Apr 12, 2020
Does Nitric Oxide Play a Critical Role in Viral Infections?
Posted by Brent Ellman in categories: biotech/medical, neuroscience
Many virus infections elicit vigorous host immune responses, both innate and acquired. The immune responses are frequently successful in controlling and then clearing the virus, using both cellular effectors such as natural killer (NK) cells and cytolytic T lymphocytes and soluble factors such as interferons (IFNs). However, some immune responses lead to pathologic changes or are unable to prevent the pathogen’s growth.
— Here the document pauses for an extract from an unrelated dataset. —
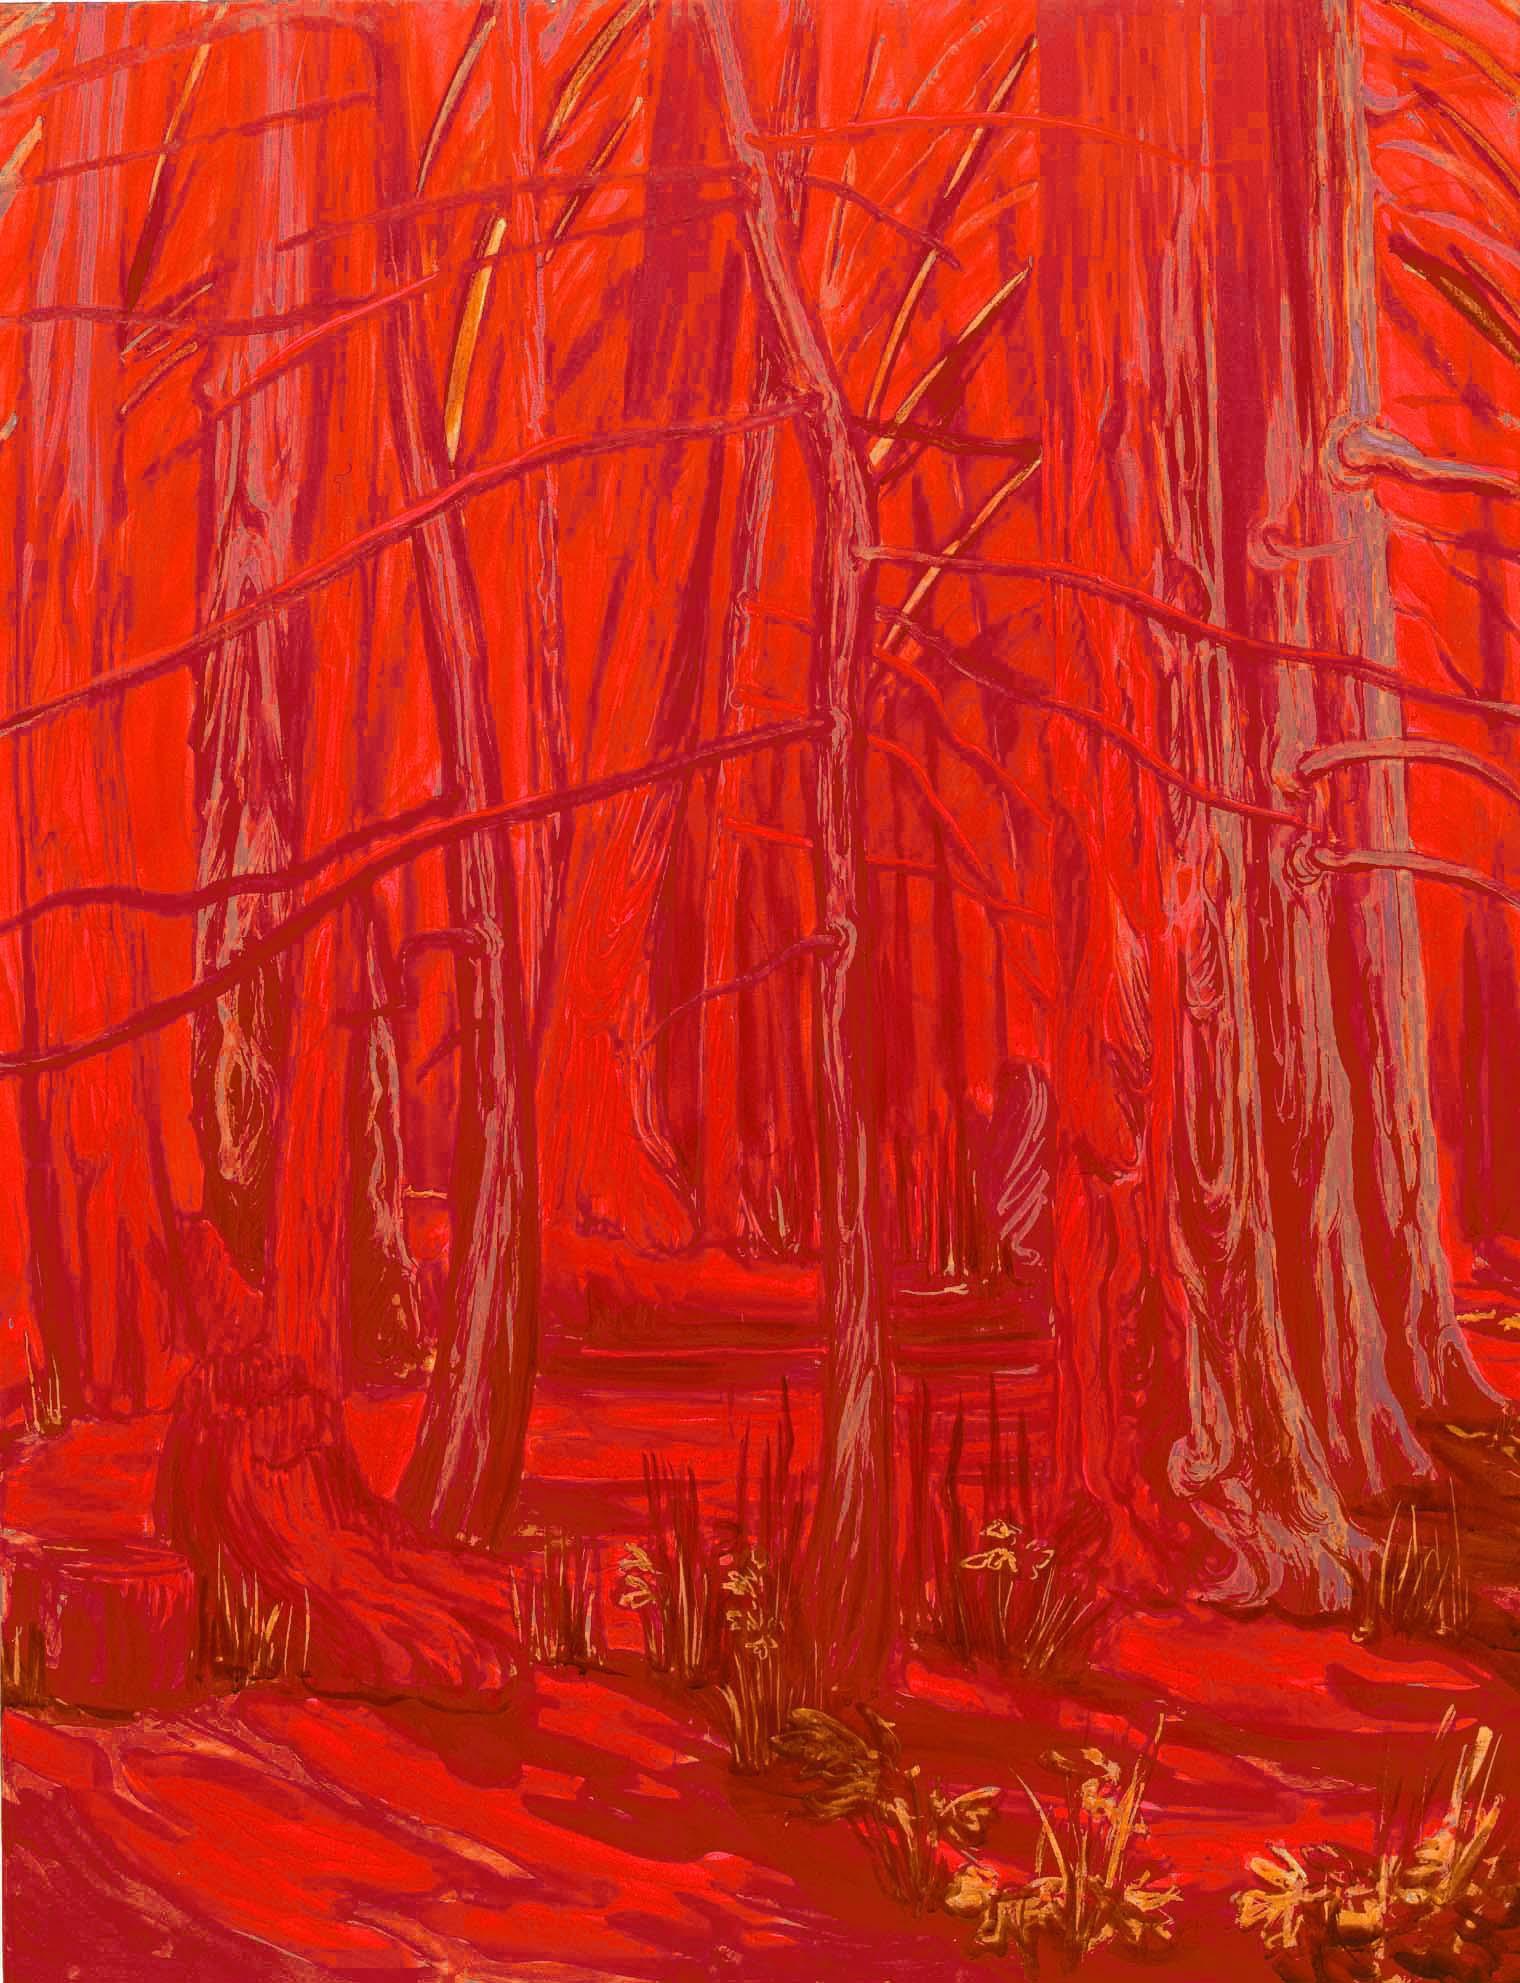 Redwood grove at Morningstar, 2008

This review will not be devoted to the different strategies viruses have taken to promote their transmission or survival but rather to one aspect of the innate immune response to infection: the role of nitric oxide (NO) in the antiviral repertoire. Recently, data from many laboratories, using both RNA and DNA viruses in experimental systems, have implicated a role for NO in the immune response. The data do not indicate a magic bullet for all systems but suggest that NO may inhibit an early stage in viral replication and thus prevent viral spread, promoting viral clearance and recovery of the host.
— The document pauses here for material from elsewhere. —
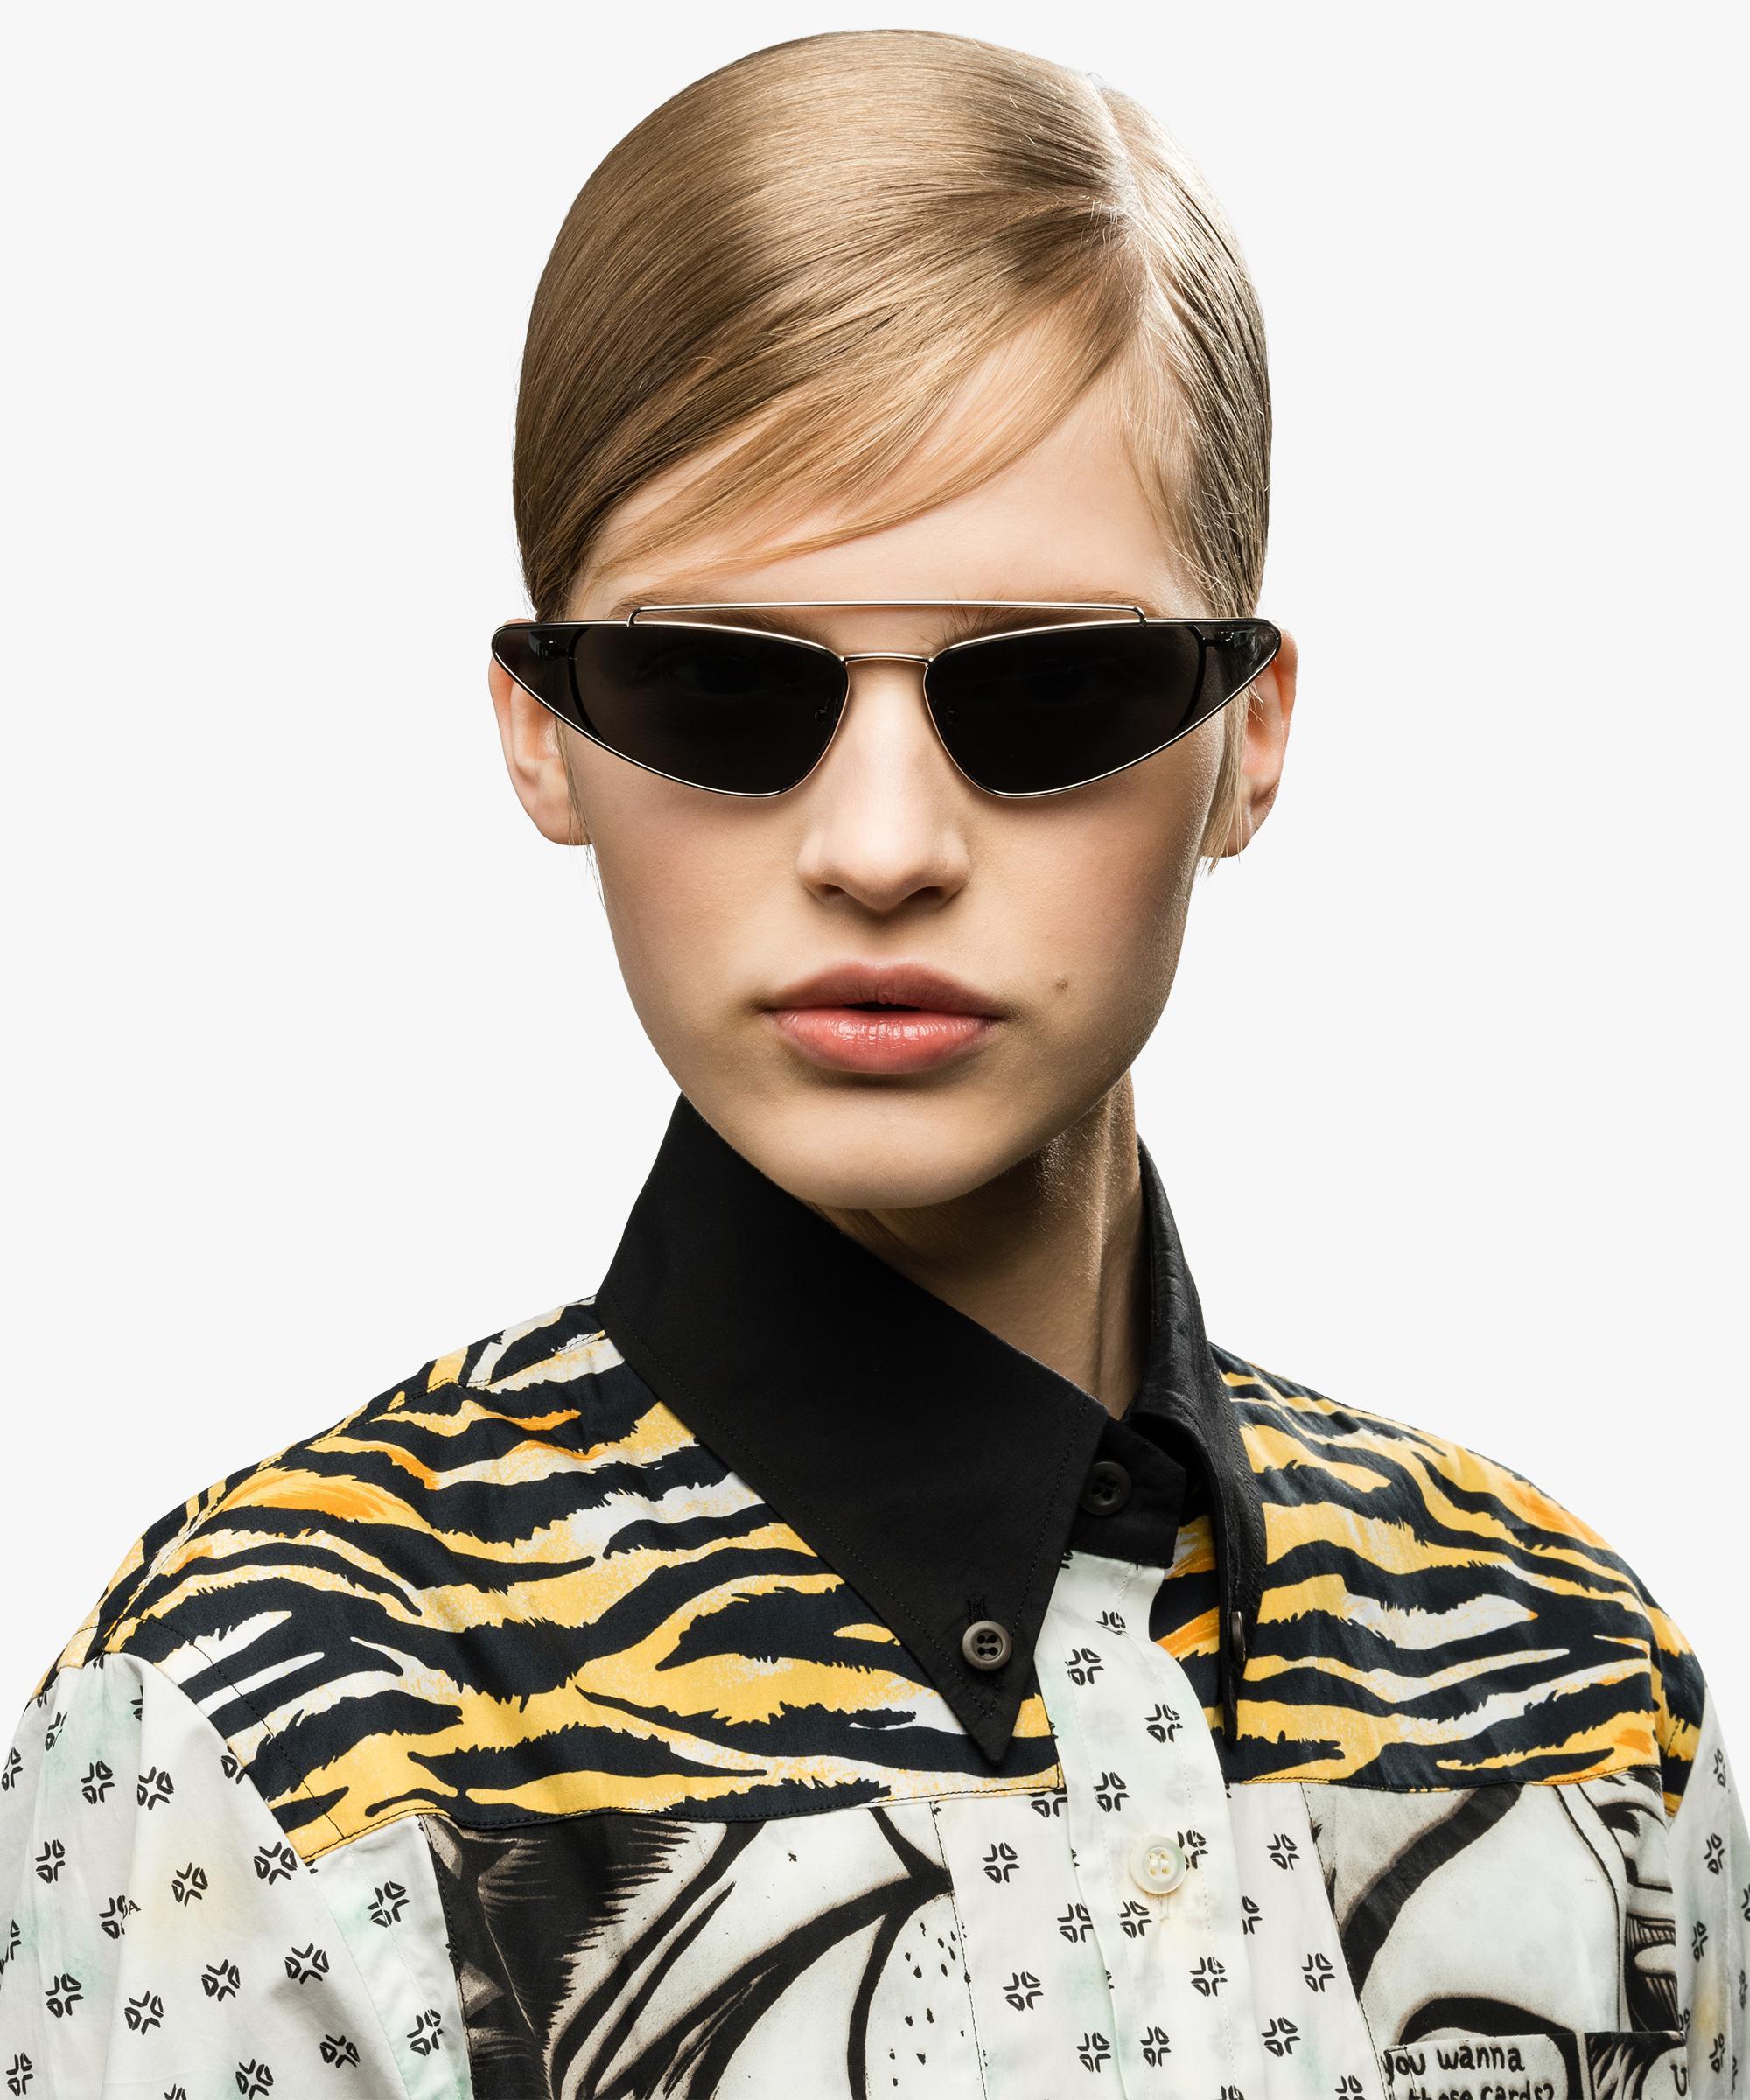 9260b35a9e28 Lyst - Prada Runway Eyewear in Gray

The earliest host responses to viral infections are nonspecific and involve the induction of cytokines, among them, IFNs and tumor necrosis factor alpha (TNF-α). Gamma IFN (IFN-γ) and TNF-α have both been shown to be active in many cell types and induce cascades of downstream mediators (reviewed in references 25, 34, and 41). Others have found that NO synthase type 2 (NOS-2, iNOS) is an IFN-γ-inducible protein in macrophages, requiring IRF-1 as a transcription factor (12, 17). We have observed that the isoform expressed in neurons, NOS-1, is IFN-γ, TNF-α, and interleukin-12 (IL-12) inducible (20). Thus, NOS falls into the category of IFN-inducible proteins, activated during innate immune responses.
NO is produced by the enzymatic modification of l-arginine to l-citrulline and requires many cofactors, including tetrahydrobiopterine, calmodulin, NADPH, and O2. NO rapidly reacts with proteins or with H2O2 to form ONOO−, peroxynitrite, which is highly toxic (Fig. (Fig.1). 1 ). NO also readily binds heme proteins, including Hb and its own enzyme.